## Task to complete
Everything below from the line with "5047_高座椅子_VT-350" through the line with "UK, London, London" must be retyped exactly, except the pictures.

## Listed entries
────────────────────────────────────────
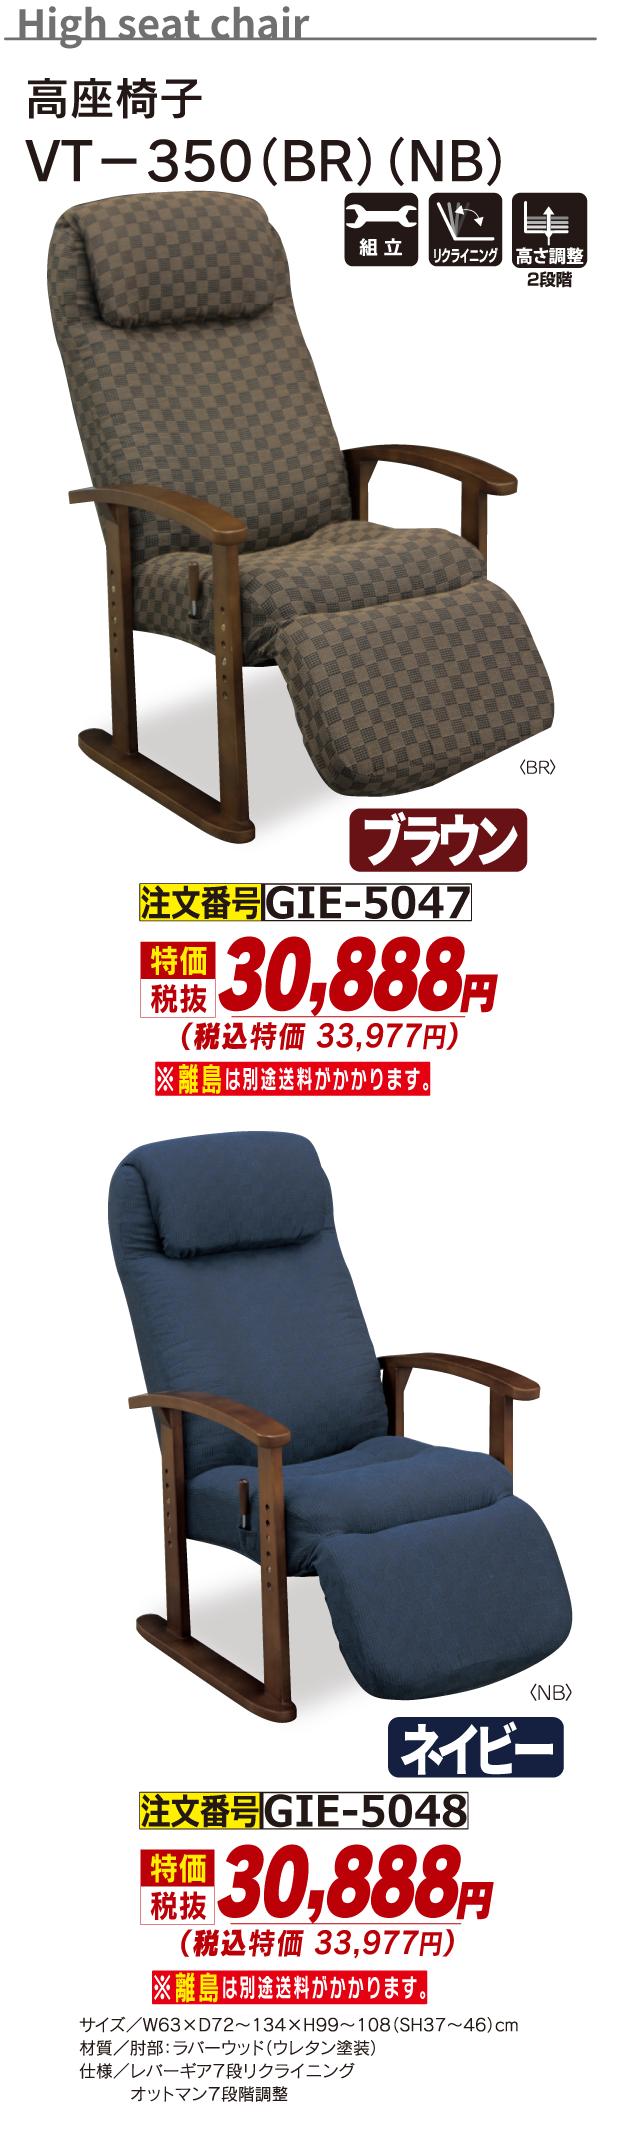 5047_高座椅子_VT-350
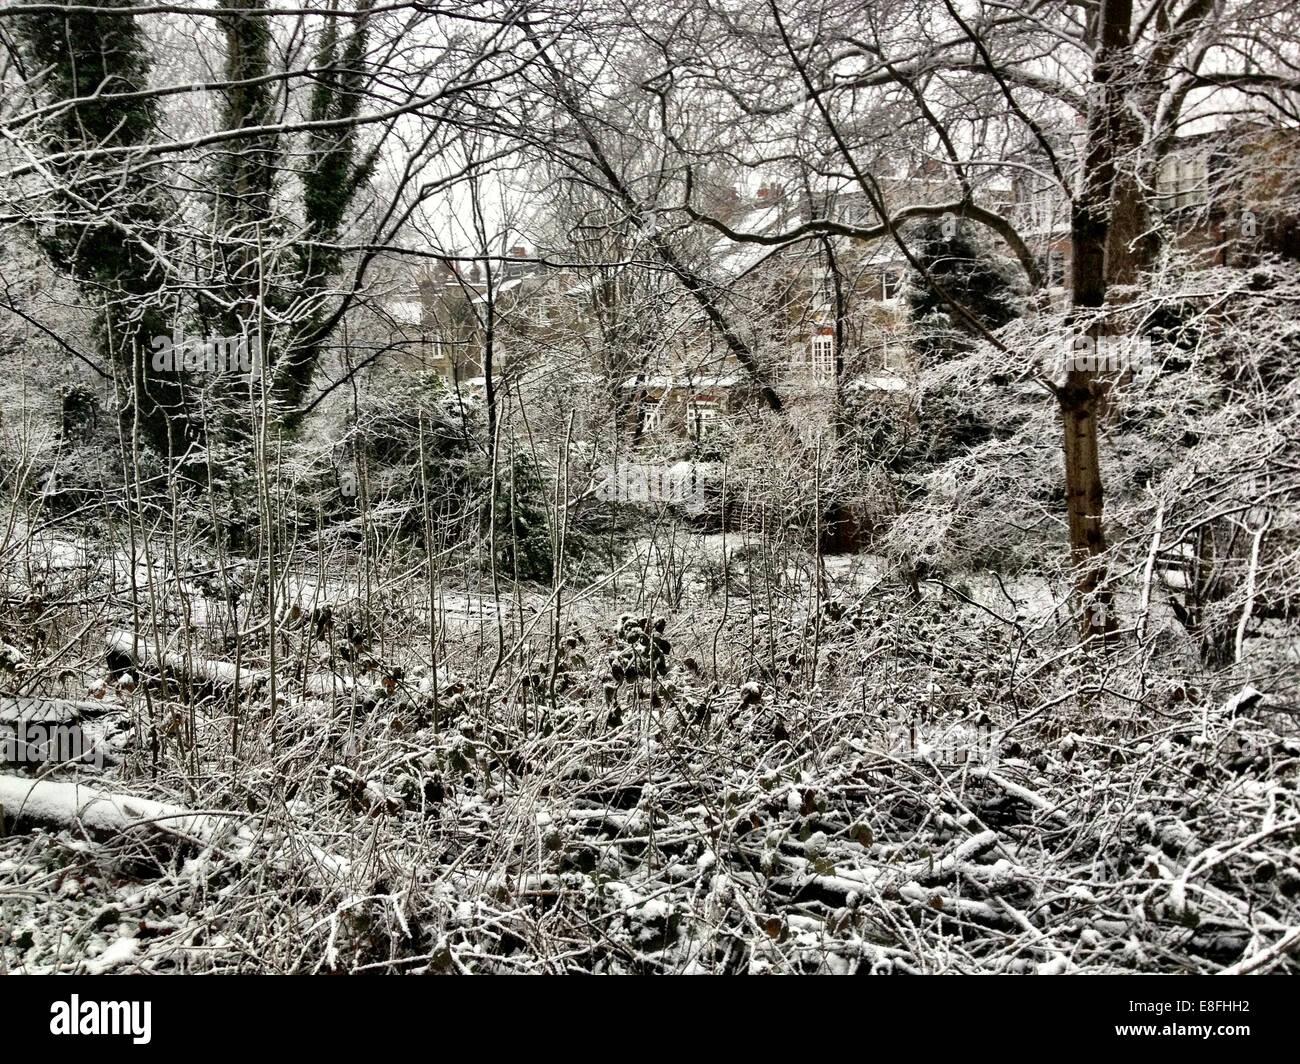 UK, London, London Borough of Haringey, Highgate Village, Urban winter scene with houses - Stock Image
────────────────────────────────────────
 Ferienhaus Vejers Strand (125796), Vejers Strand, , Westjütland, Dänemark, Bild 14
────────────────────────────────────────
## Worked solution
 5047_高座椅子_VT-350
 UK, London, London Borough of Haringey, Highgate Village, Urban winter scene with houses - Stock Image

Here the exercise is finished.